**How to Check if Pair of Straight Lines Intersect :**

Here we are going to see how to check if pair of straight lines intersect.

If the given pair of straight lines ax^{2} + 2hxy + by^{2} + 2gx + 2fy + c = 0 intersect each other, then it must satisfy the condition given below.

abc + 2fgh - af^{2} - bg^{2} - ch^{2} = 0

Point of intersection :

P(hf − bg/ab − h^{2} , gh − af/ab − h^{2})

**Question 1 :**

Show that the equation 2x^{2} −xy−3y^{2} −6x + 19y − 20 = 0 represents a pair of intersecting lines.
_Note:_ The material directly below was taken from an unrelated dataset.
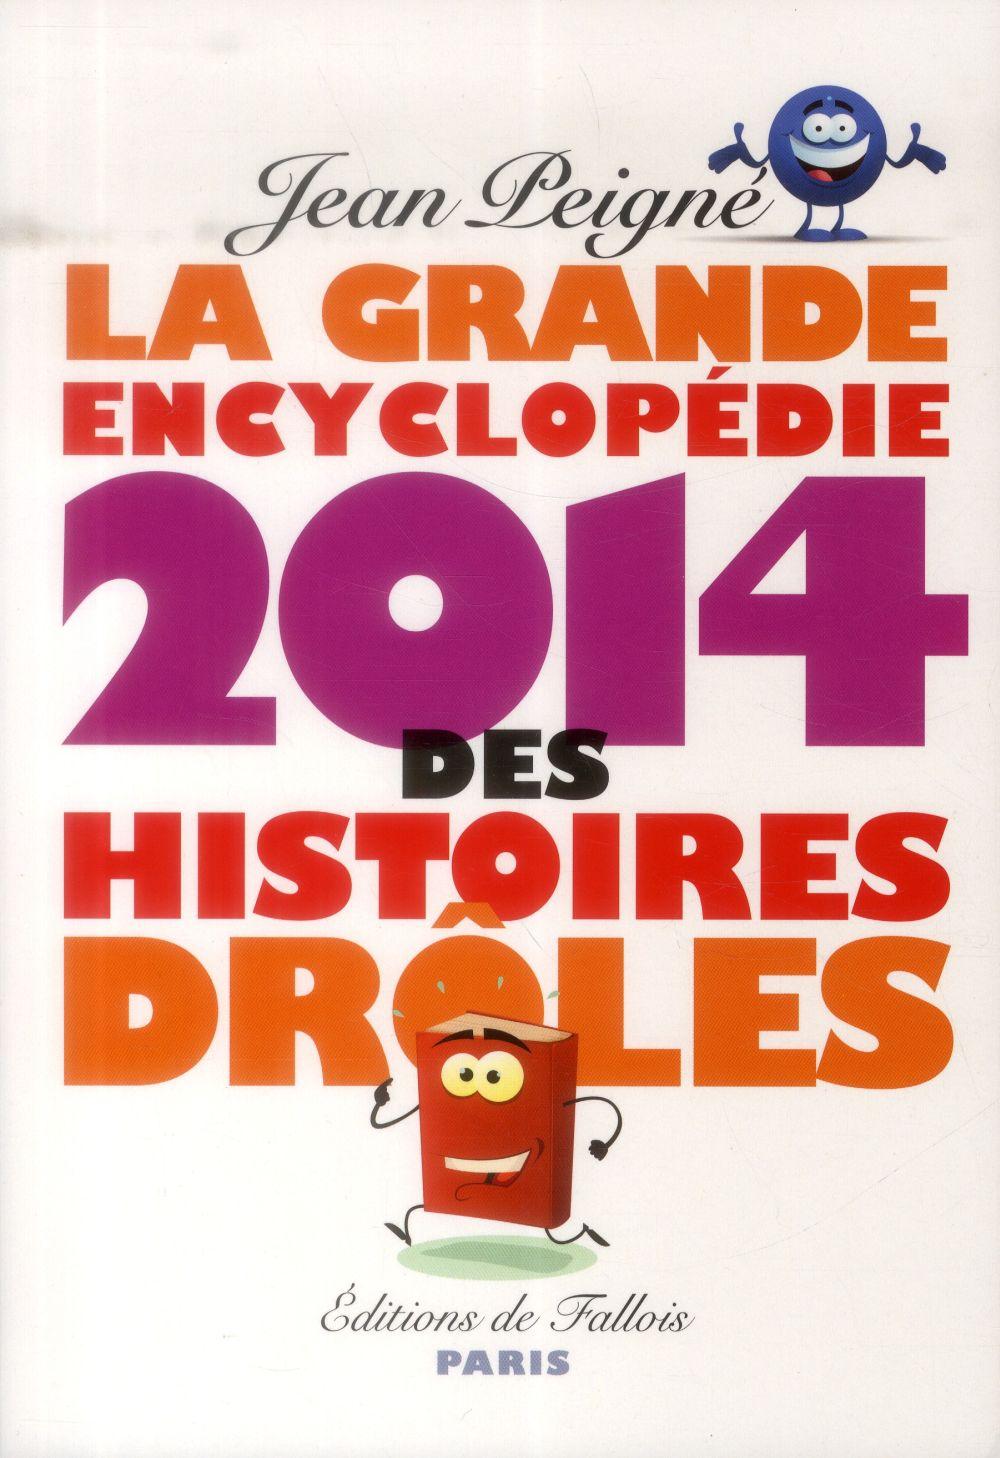 LA GRANDE ENCYCLOPEDIE 2014 DES HISTOIRES DROLES

Show further that the angle between them is tan^{−1}(5).

**Solution :**

2x^{2} −xy−3y^{2} −6x + 19y − 20 = 0

ax^{2} + 2hxy + by^{2} + 2gx + 2fy + c = 0

a = 2, h = -1/2, b = -3, g = -3, f = 19/2, c = -20

Condition for intersection of two lines :

abc + 2fgh - af^{2} - bg^{2} - ch^{2} = 0

2(-3)(-20)+2(19/2)(-3)(-1/2)-2(19/2)^{2}-(-3)(-3)^{2}-(-20)(-1/2)^{2 } = 0

= 120 + 57/2 - 2(361/4) + 27 + 20(1/4)

= 120 + 57/2 - 361/2 + 27 + 5

= (240 + 57 - 361 + 54 + 10)/2

= (361 - 361) / 2

= 0

Since it satisfies the above condition, the given pair of straight line is intersected.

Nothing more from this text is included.